The data:
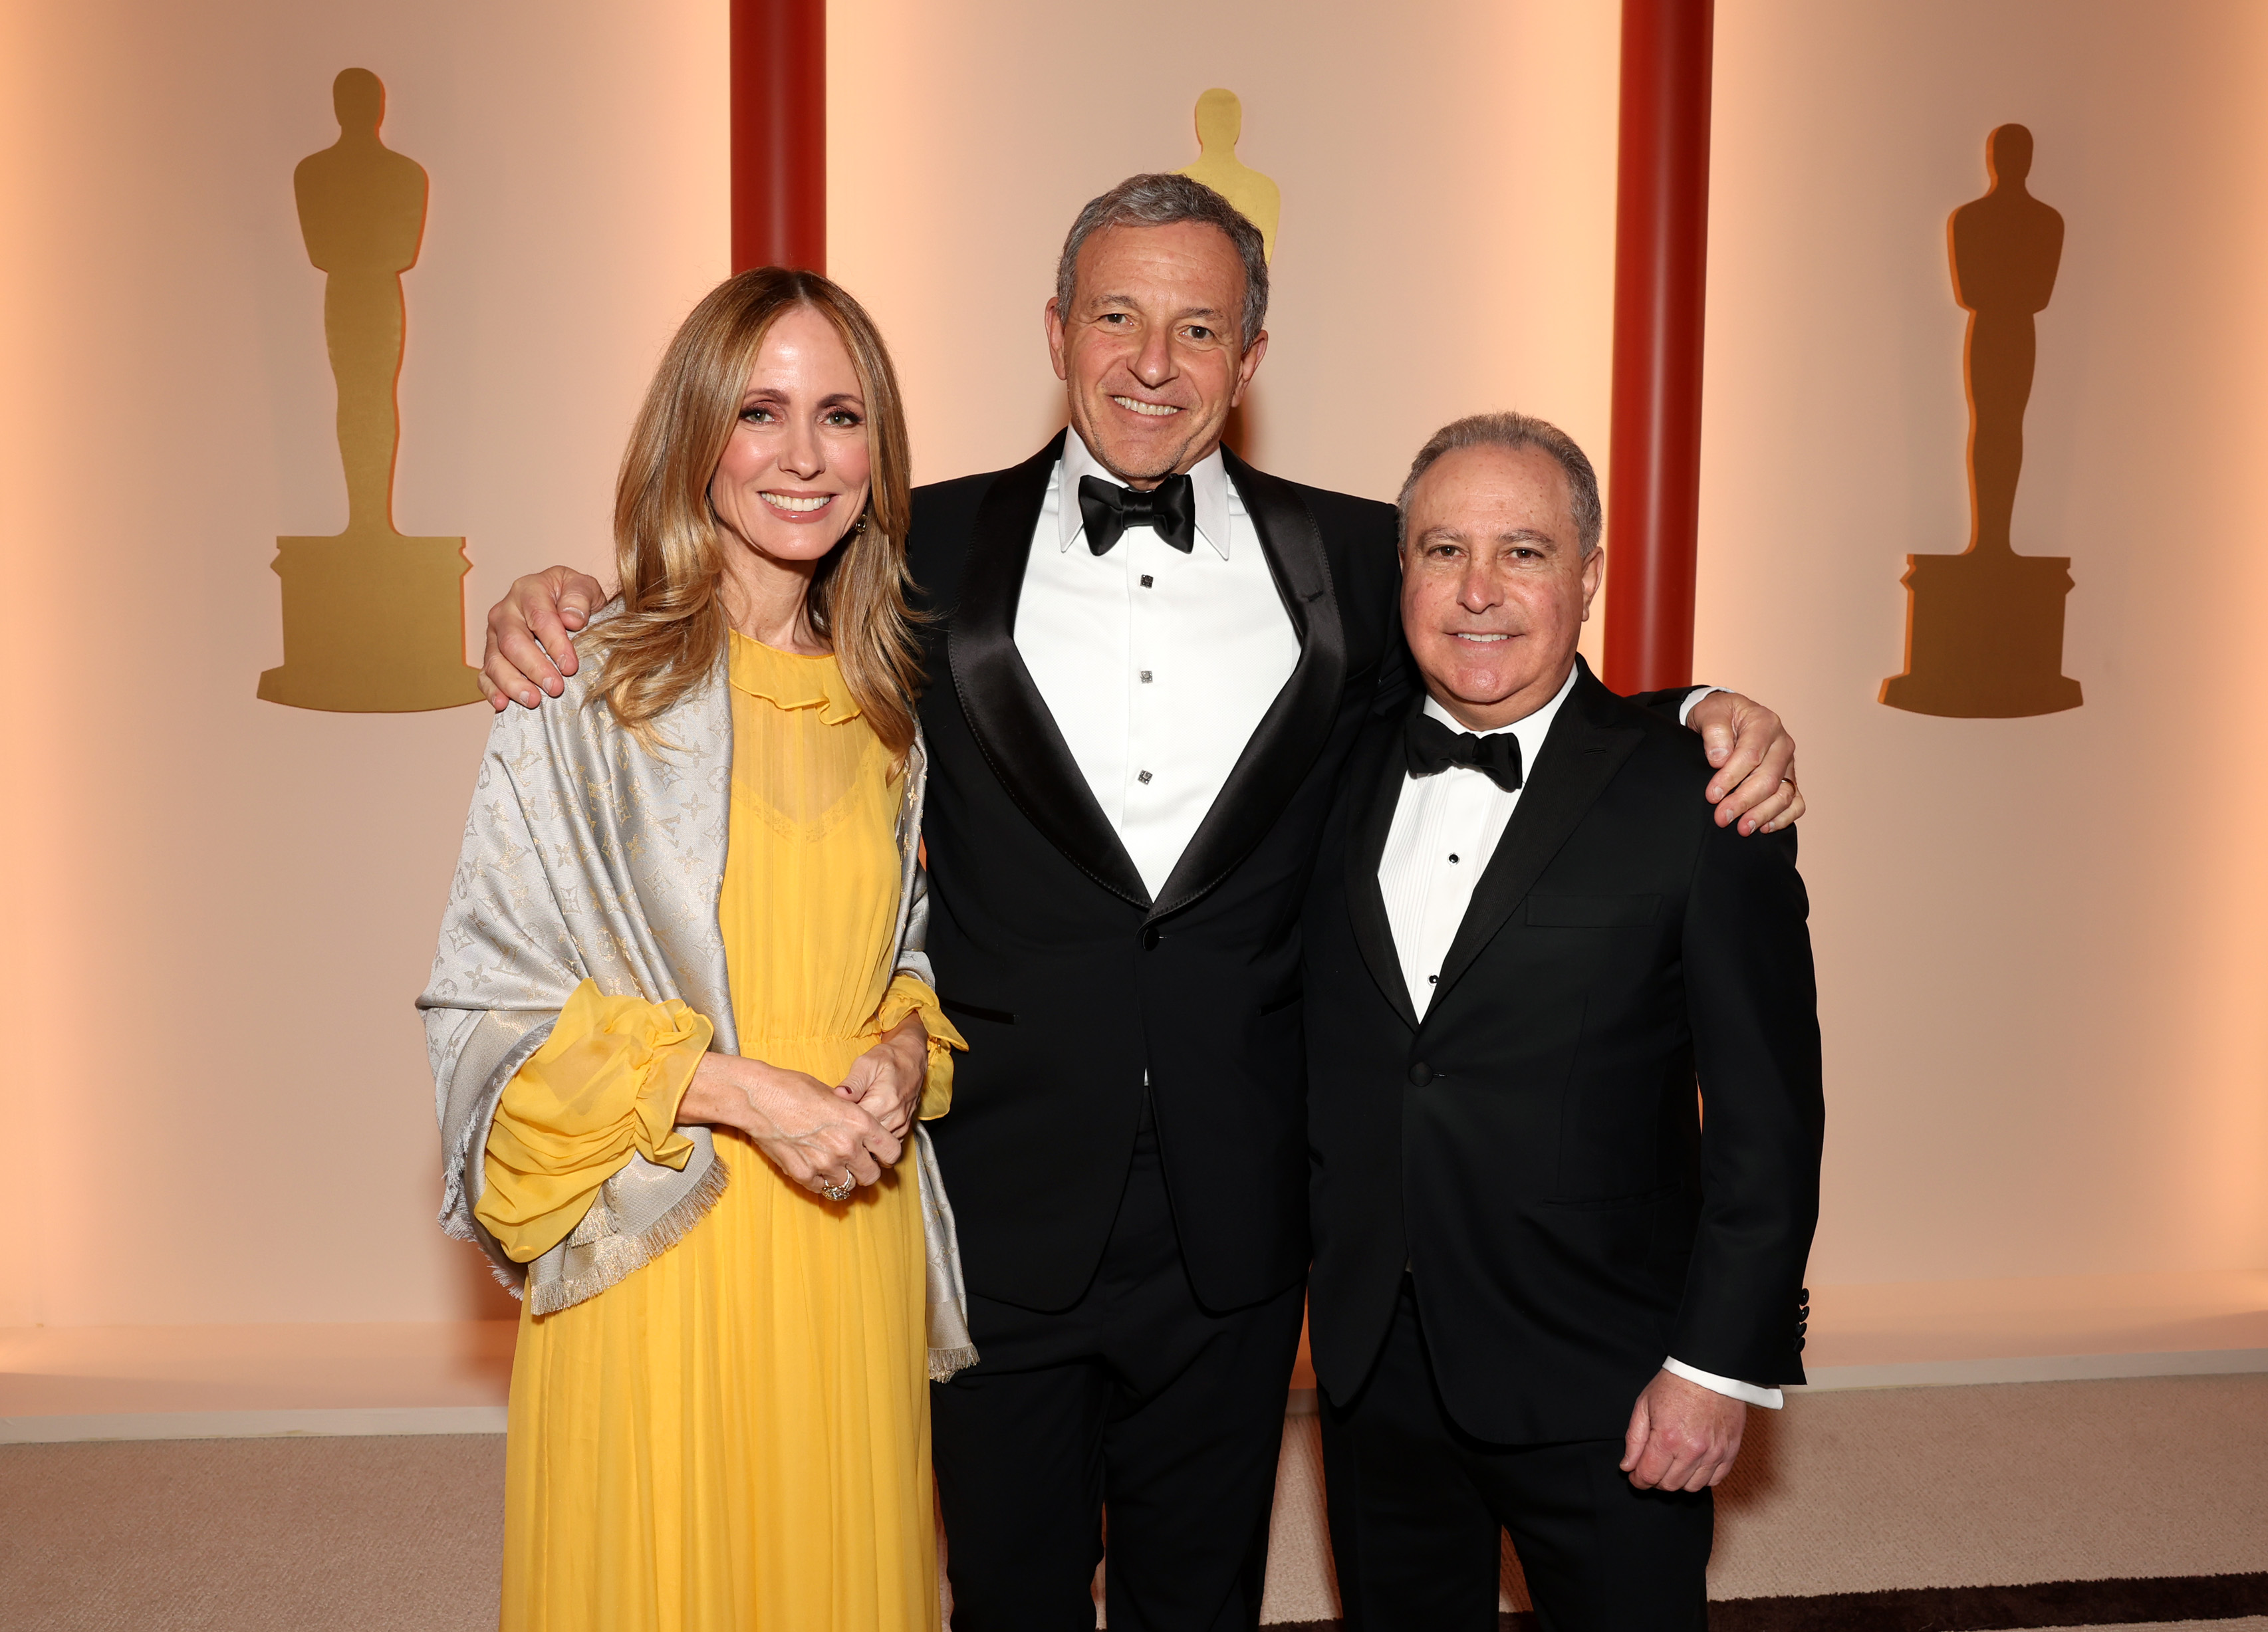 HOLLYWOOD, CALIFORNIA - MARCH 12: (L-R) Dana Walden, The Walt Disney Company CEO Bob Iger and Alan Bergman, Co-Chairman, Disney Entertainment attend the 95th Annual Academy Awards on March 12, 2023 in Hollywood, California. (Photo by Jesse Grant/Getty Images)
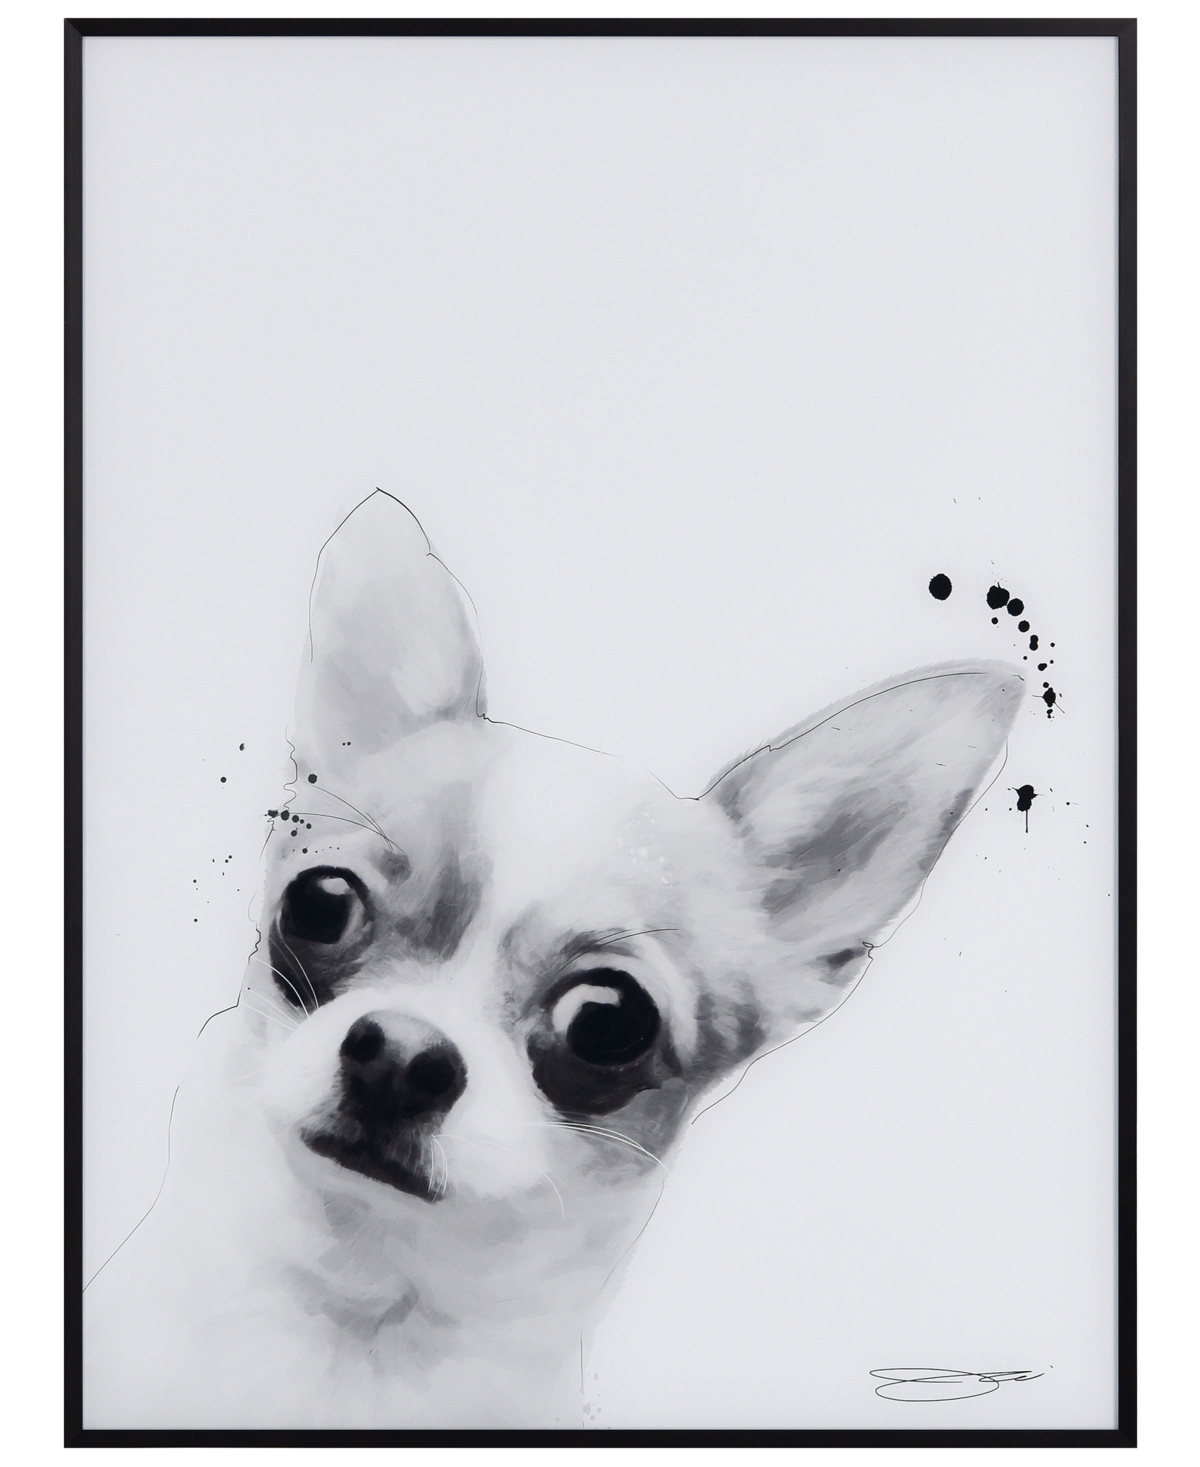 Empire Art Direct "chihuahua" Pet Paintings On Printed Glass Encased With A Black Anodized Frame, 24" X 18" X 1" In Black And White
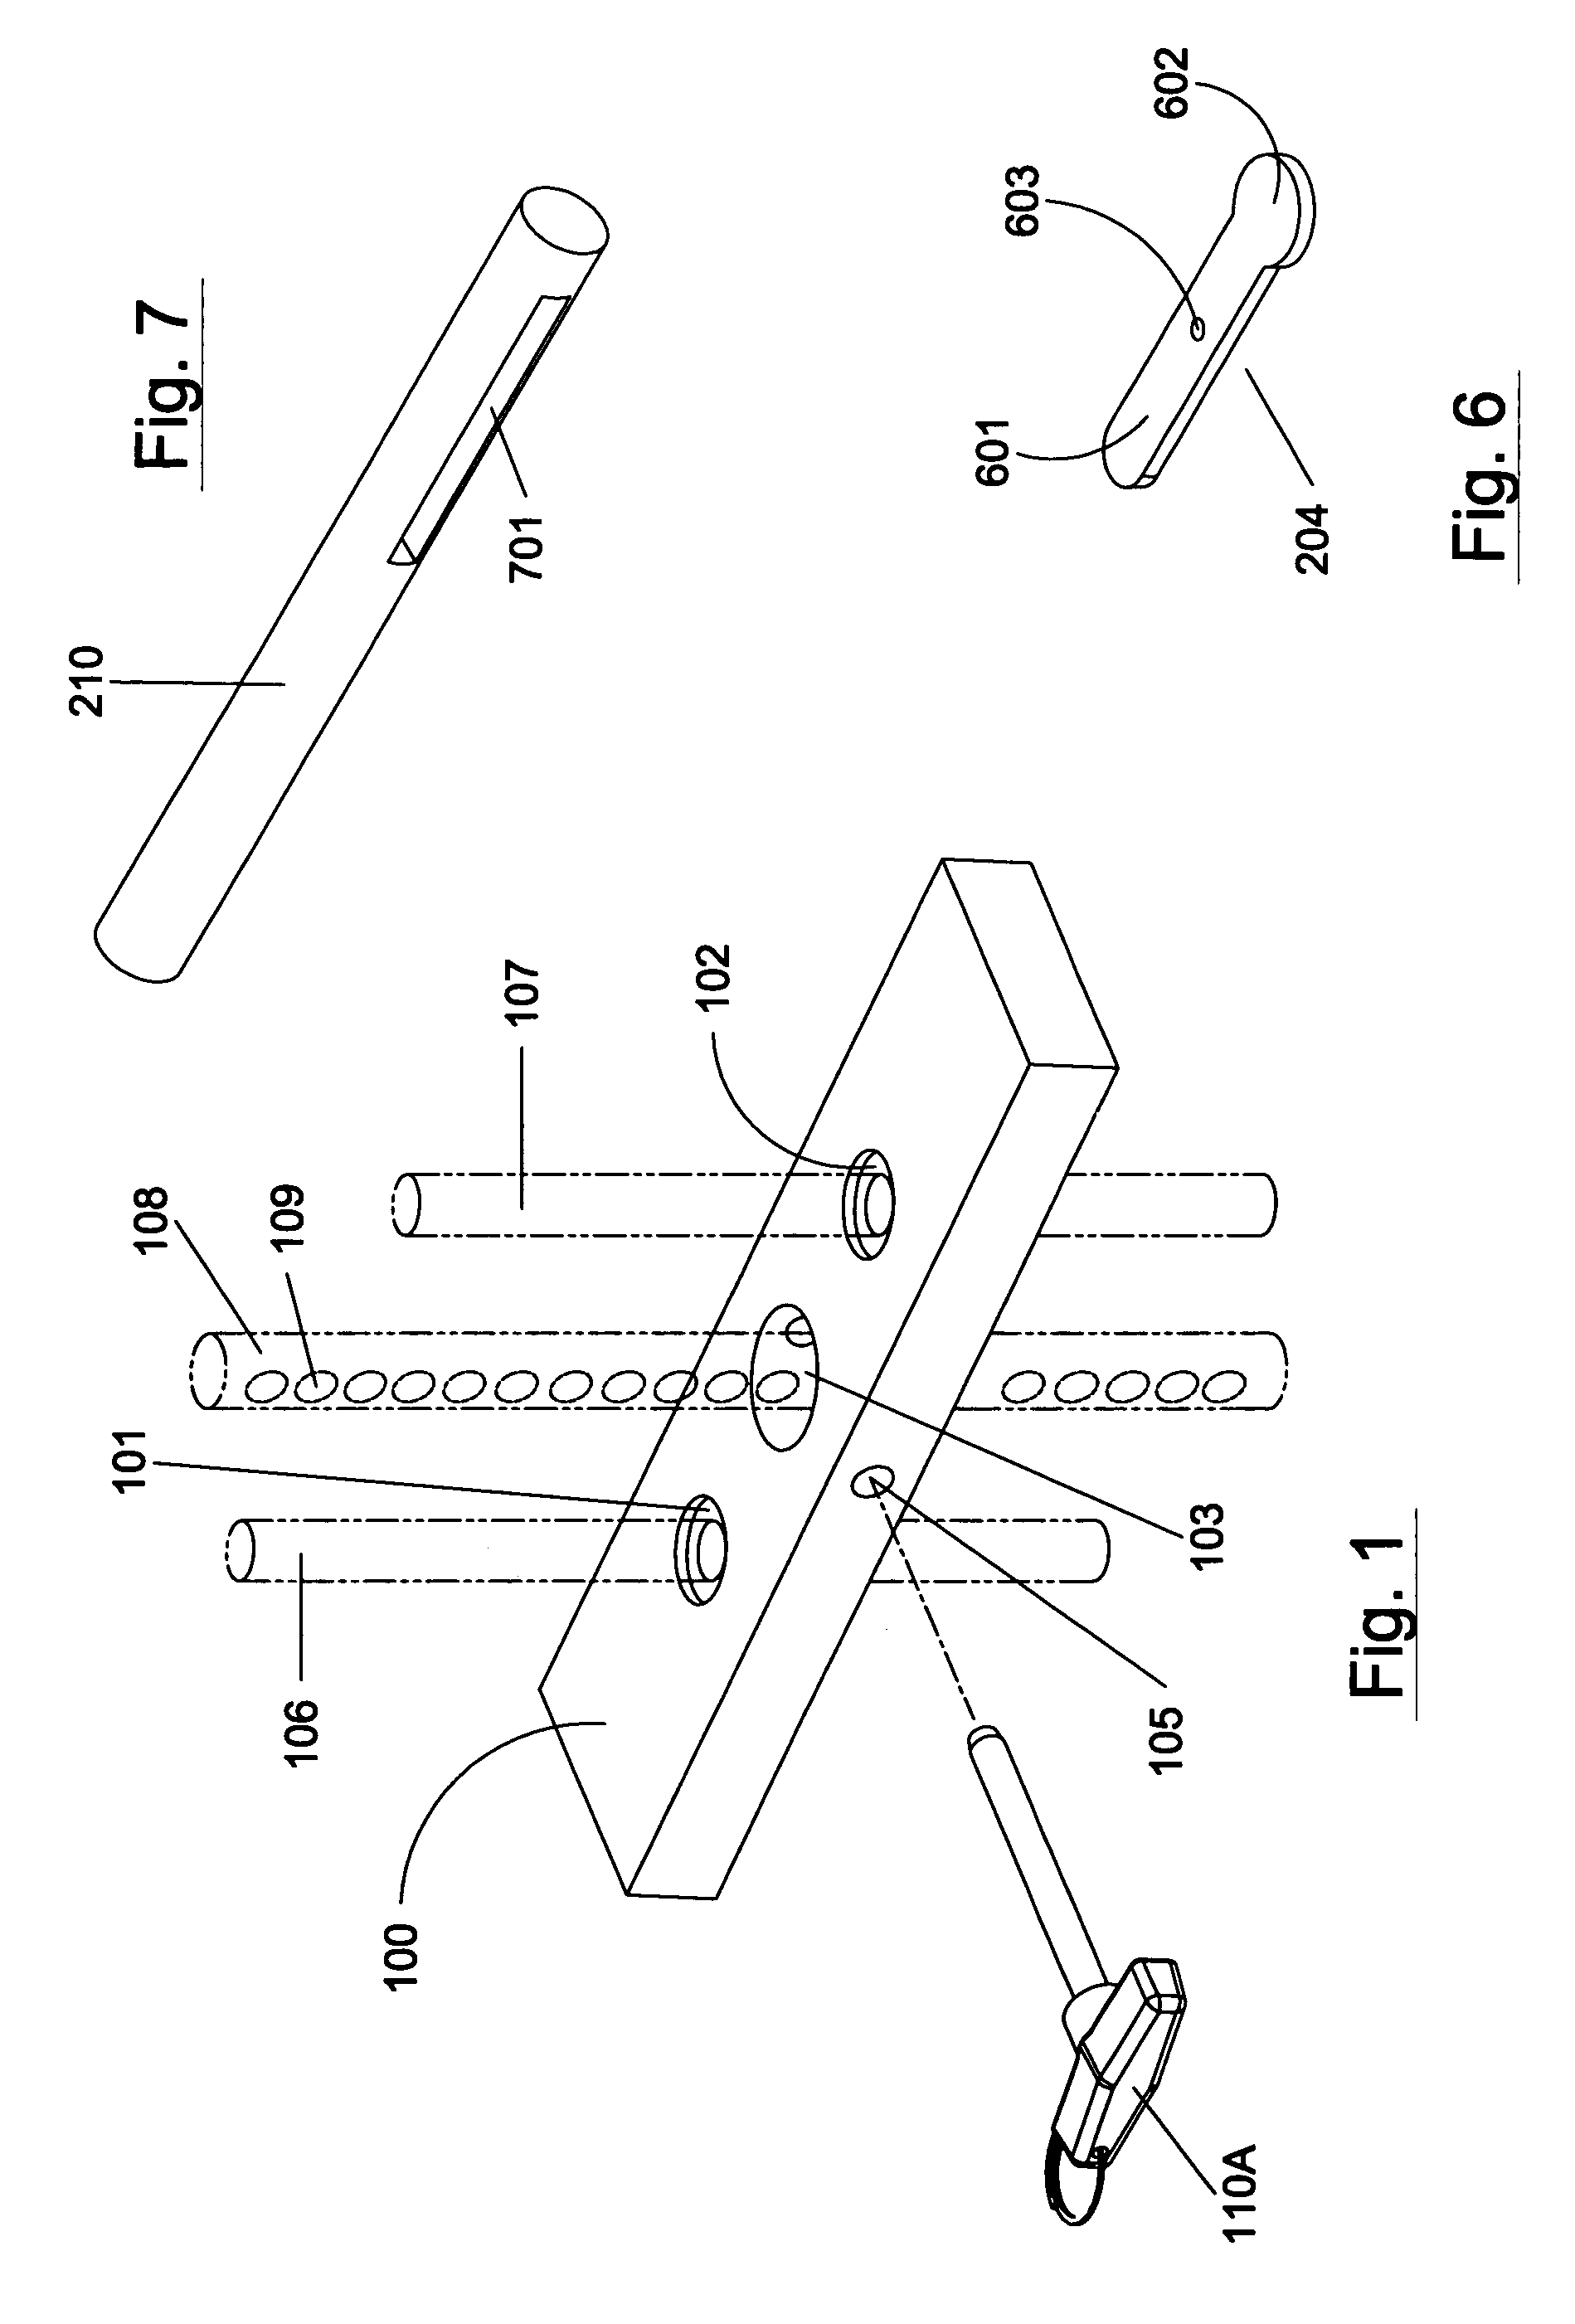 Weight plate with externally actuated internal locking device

Exercise prompt:
Word for word, restate the lines from the one containing "Empire Art Direct" through the end of the listing, and nothing more. Skip the pictures.

Written answer:
 Empire Art Direct "chihuahua" Pet Paintings On Printed Glass Encased With A Black Anodized Frame, 24" X 18" X 1" In Black And White
 Weight plate with externally actuated internal locking device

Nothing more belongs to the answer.